In abundant love and kindness for all gentle souls,

Angela xox 
IFS Therapist, Trauma Specialist, Advocate for Self-Leadership

References

  1. Brown, B. (2012). Daring Greatly: How the Courage to Be Vulnerable Transforms the Way We Live, Love, Parent, and Lead. Gotham Books.
    Brené Brown’s research on vulnerability and shame highlights the importance of mutual emotional risk-taking in relationships and how vulnerability builds trust—when it is honoured and reciprocated.

  2. Fisher, J. (2017). Healing the Fragmented Selves of Trauma Survivors: Overcoming Internal Self-Alienation. Routledge.
    Janina Fisher explores the impact of complex trauma and how clients often over-function or over-own in relationships due to early adaptive survival strategies.

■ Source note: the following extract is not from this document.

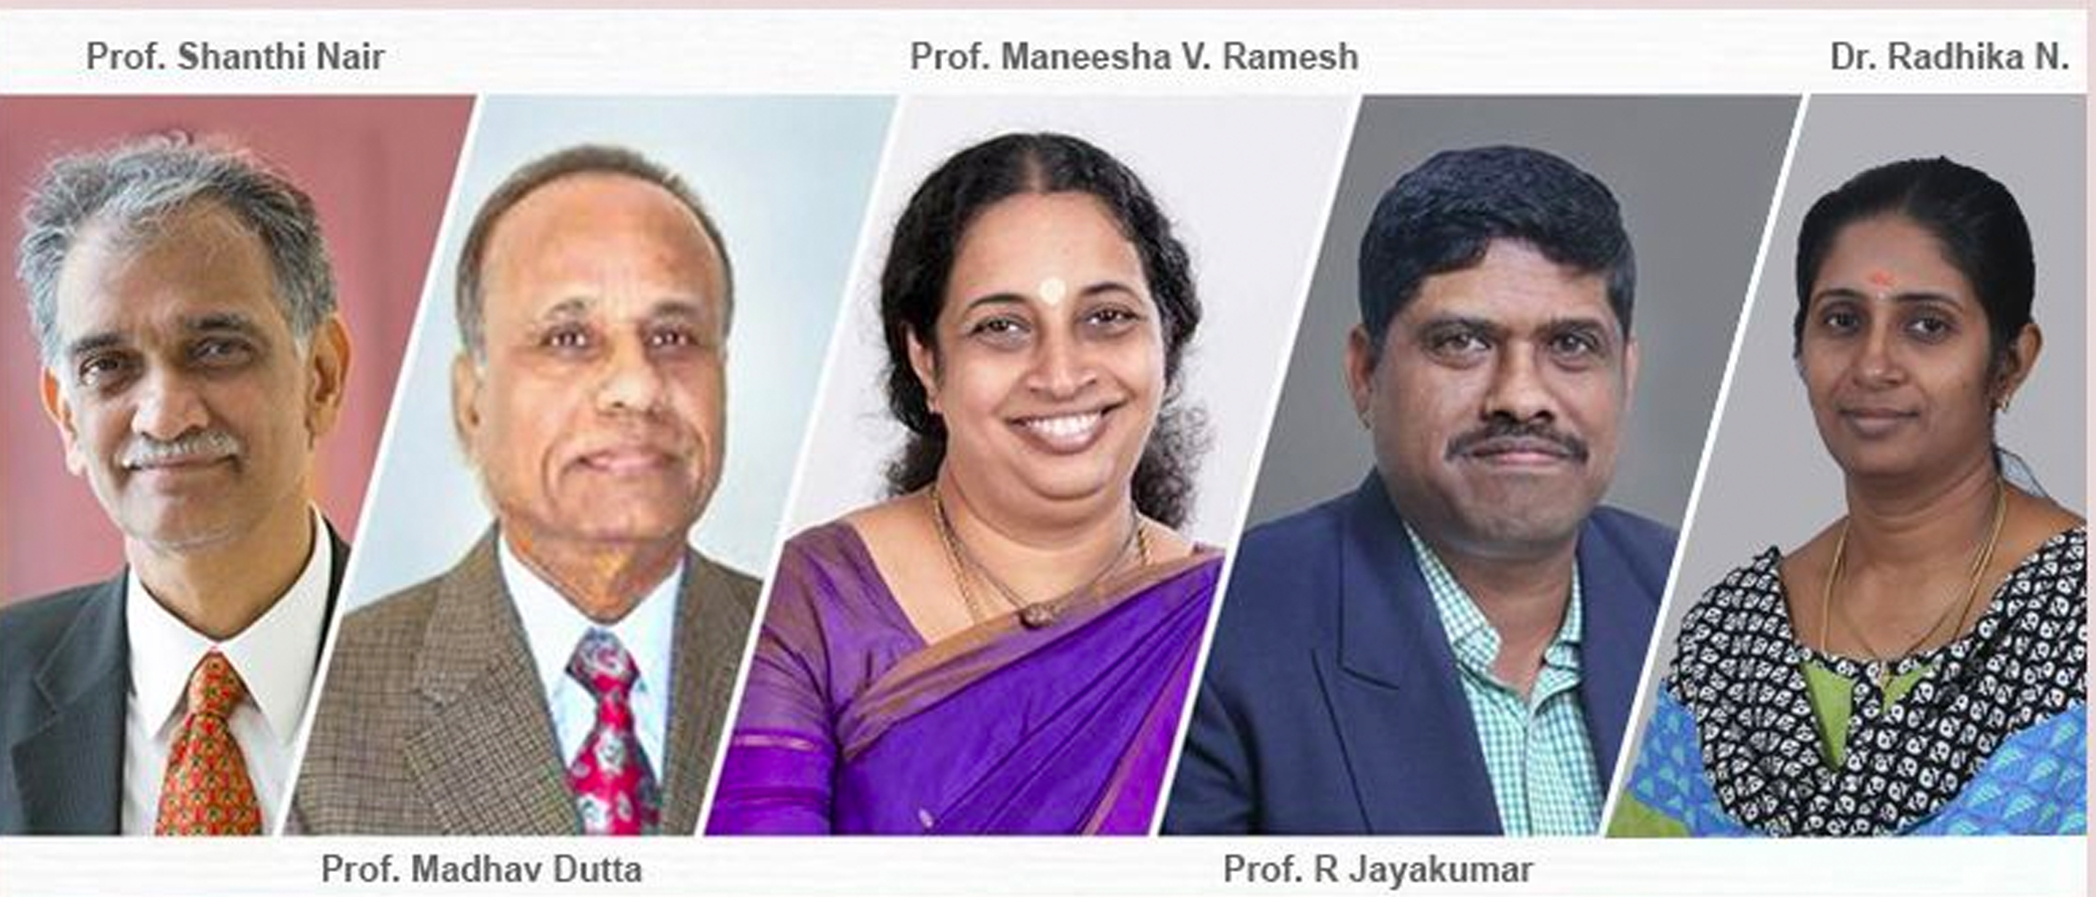 Dr. Maneesha Vinodini Ramesh, Dr. Shantikumar Nair, Dr. R. Jayakumar, and Dr. Madhav Dutta smiling

  3. Schwartz, R. C. (2021). No Bad Parts: Healing Trauma and Restoring Wholeness with the Internal Family Systems Model. Sounds True.
    This book outlines the core concepts of IFS, including the role of protective parts and the need for balance in relationships between parts and Self-energy.

  4. Porges, S. W. (2011). The Polyvagal Theory: Neurophysiological Foundations of Emotions, Attachment, Communication, and Self-Regulation. W. W. Norton & Company.
    Stephen Porges introduces the Polyvagal Theory, which supports the idea that co-regulation is essential for safety, connection, and relational healing.

  5. Hochschild, A. R. (1983). The Managed Heart: Commercialization of Human Feeling. University of California Press.
    Although focused on workplace dynamics, Hochschild’s work on emotional labour applies to relational systems where one person consistently manages the emotional field.

  6. Siegel, D. J. (2010). The Mindful Therapist: A Clinician’s Guide to Mindsight and Neural Integration. W. W. Norton & Company.
    Daniel Siegel provides insights into relational attunement and the role of neural integration in fostering emotional and interpersonal health.